Del trabajo en madreñas a las máquinas de última generación: así evolucionó la fábrica de armas de La Vega en Oviedo
LA VOZ DE OVIEDO
Los extrabajadores Javier Ordás y Víctor Triviño recuerdan cómo la factoría ovetense fue pionera a nivel de seguridad y la importancia que tuvo su actividad para la ciudad
27 jun 2023 . Actualizado a las 10:10 h.Aunque a simple vista invite a pensar todo lo contrario, durante décadas la fábrica de armas de La Vega fue uno de los principales motores económicos de Oviedo. Gran parte del desarrollo del concejo se debe a la actividad que durante siglo y medio se ha llevado a cabo en los casi 120.000 metros cuadrados que ocupa. Esta factoría que echó andar en 1857 hizo que la ciudad fuese, a nivel industrial, una de las más importantes de Asturias.

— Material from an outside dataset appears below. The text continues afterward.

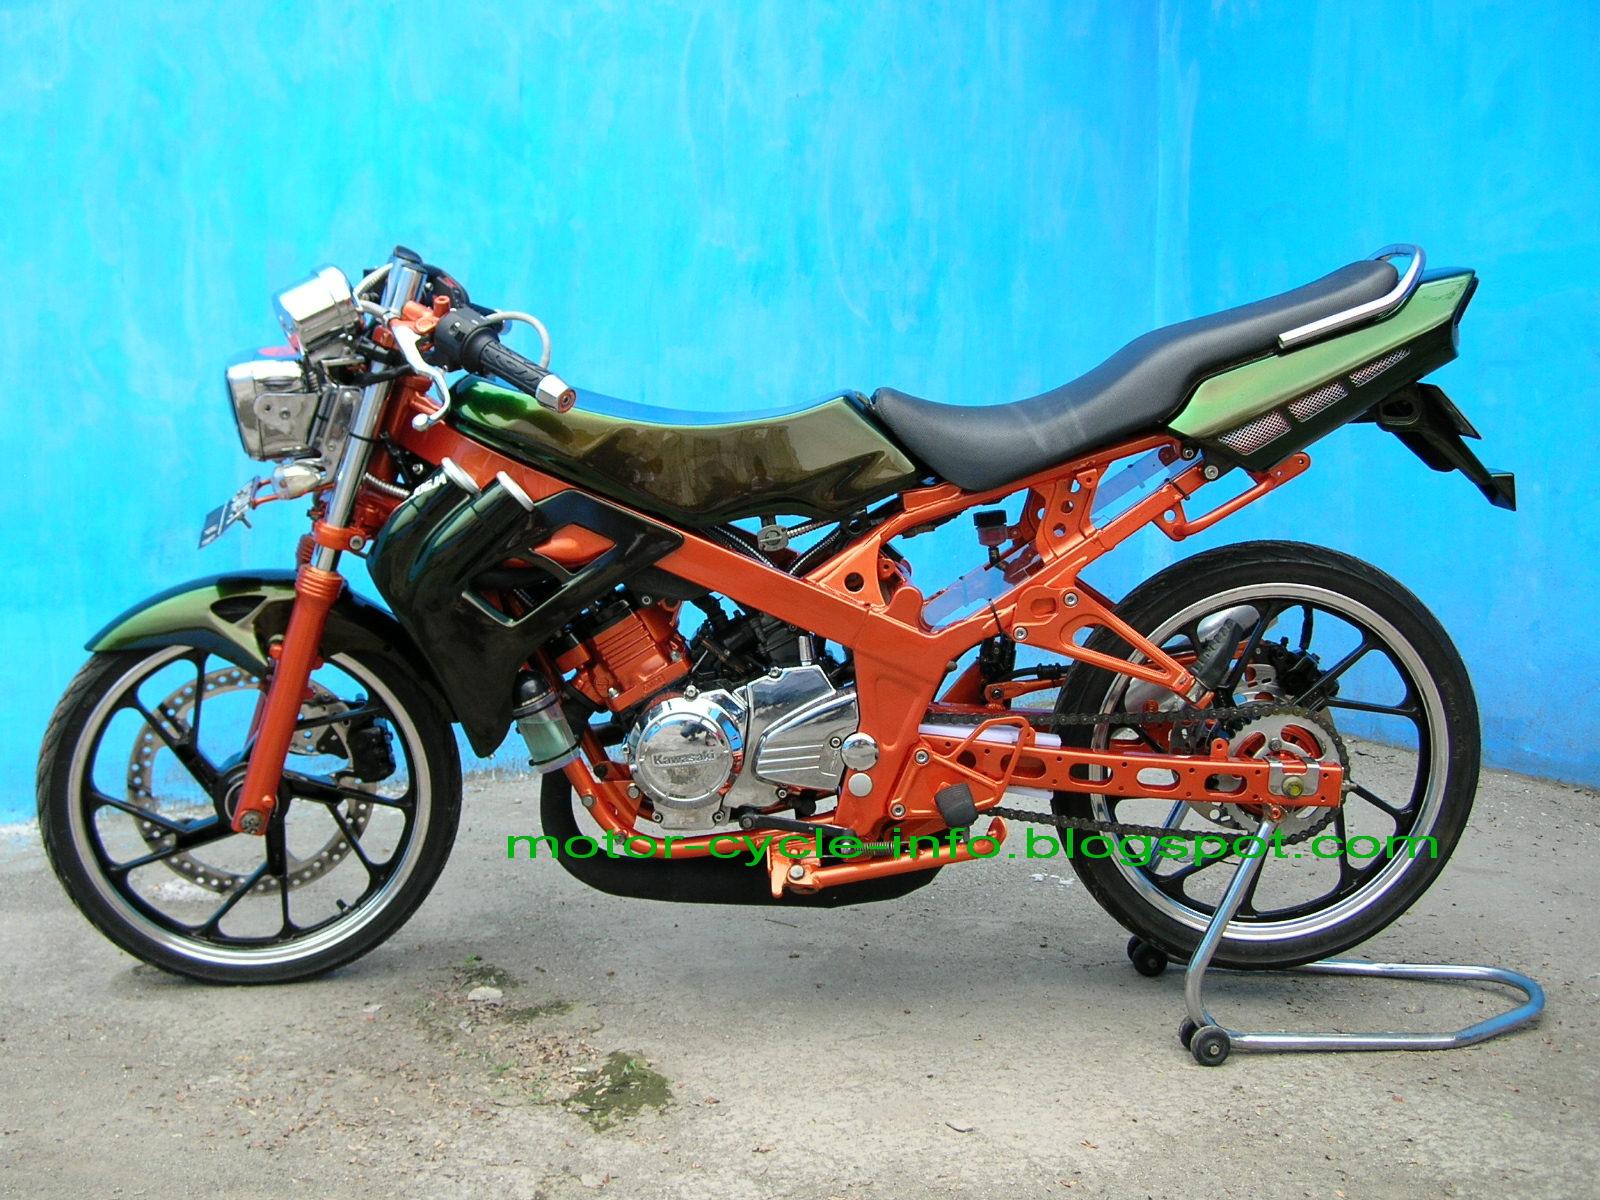 99 Gambar Motor Ninja 150 Modifikasi Terbaru Dan
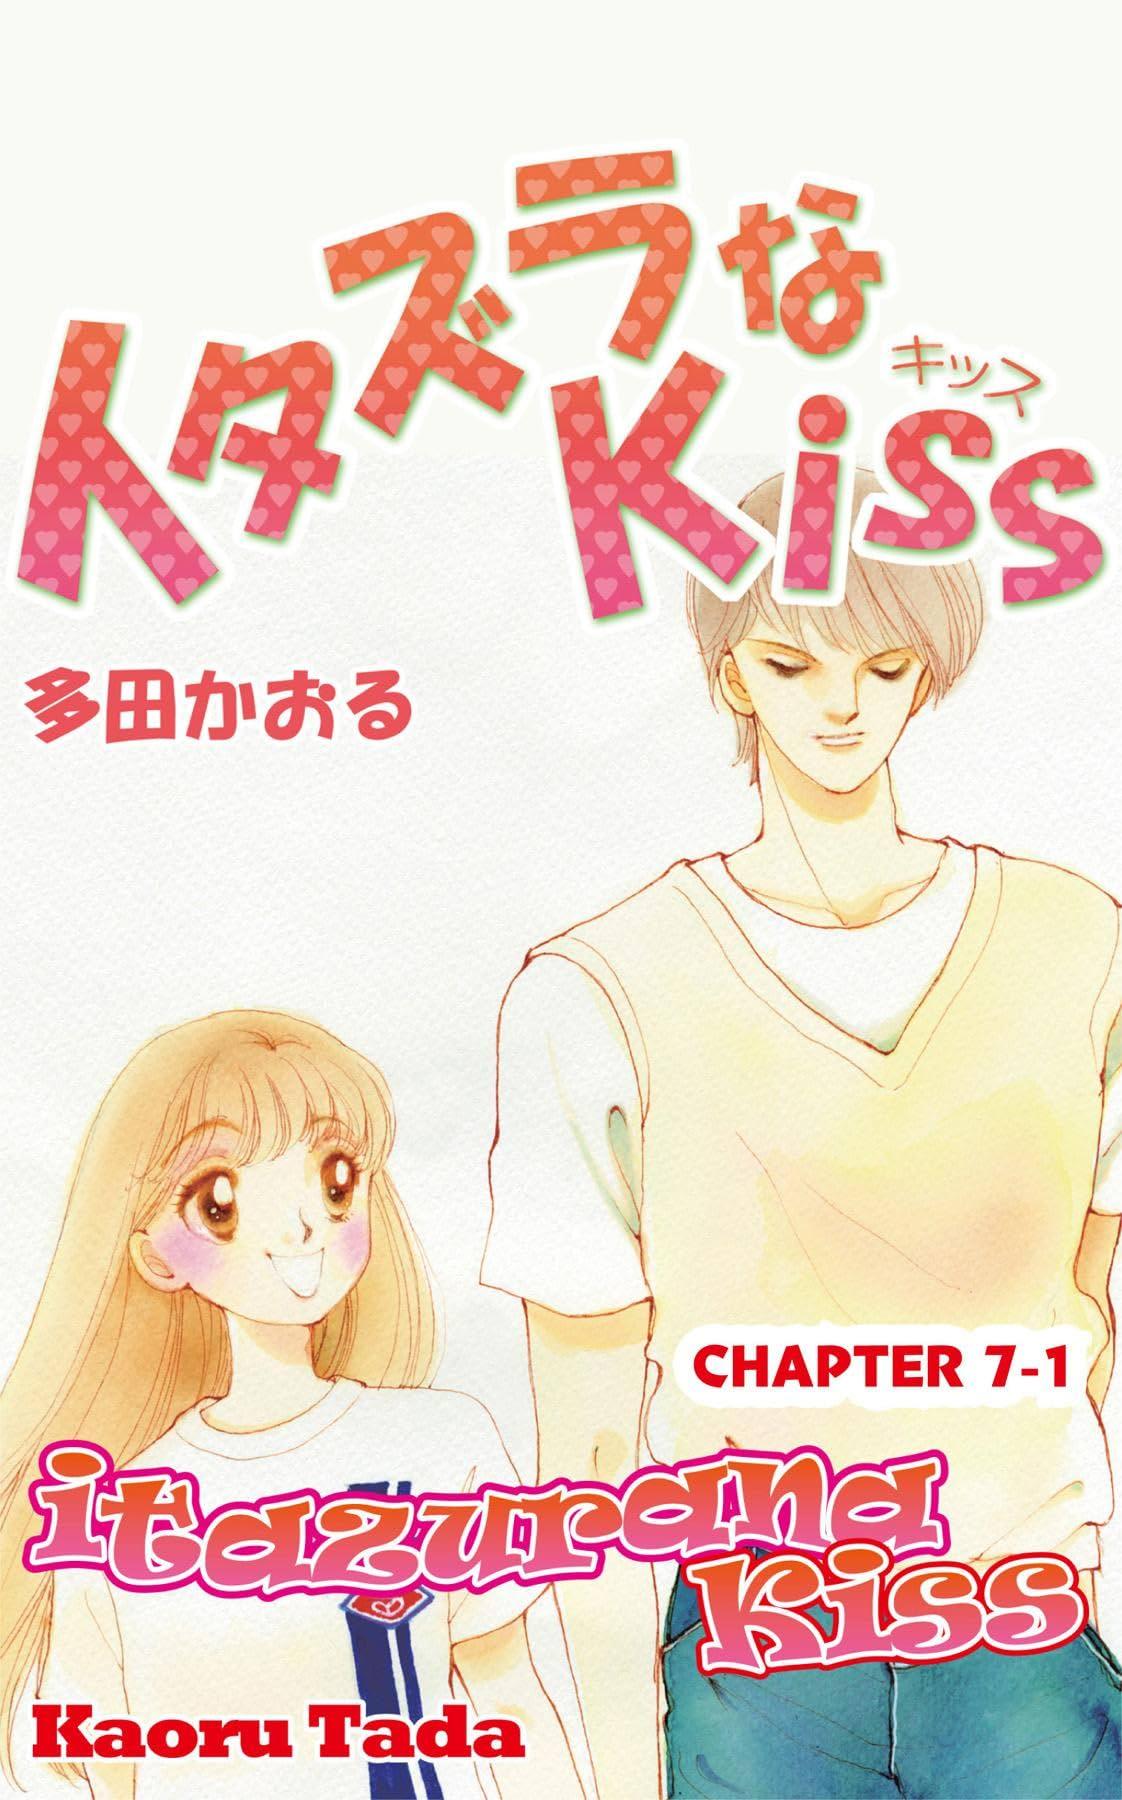 itazurana Kiss #24

Pese a ello, desde que en el año 2012 cesó su actividad, la maleza fue acaparando el terreno y tal es su situación de abandono que recientemente ha sido incluida en la lista roja de patrimonio. Mientras que a nivel político se debate sobre su futuro, hay quienes luchan por mantener más viva que nunca su historia. Es el caso de Víctor Triviño y Javier Ordás, integrantes de la plataforma vecinal Salvemos La Vega, quienes conocen muy bien el recinto, puesto que han pasado gran parte de su vida en él.
Víctor Triviño entró en la Escuela de Artes y Oficios de la fábrica de armas de La Vega con tan solo 11 años. Allí cursó séptimo y octavo de EGB y después comenzó la formación profesional, que era de tres años. Tras finalizar su etapa educativa pasó a emplearse en la factoría, donde desarrolló su actividad laboral hasta que cerró la misma. Por su parte, Javier Ordás entró como aprendiz a dicha institución con 14 años. Sin embargo, a diferencia de su compañero, este ovetense se empleó en el complejo industrial hasta 1987, momento en el que, de forma voluntaria y tras un expediente de regulación de empleo, abandonó su puesto de trabajo.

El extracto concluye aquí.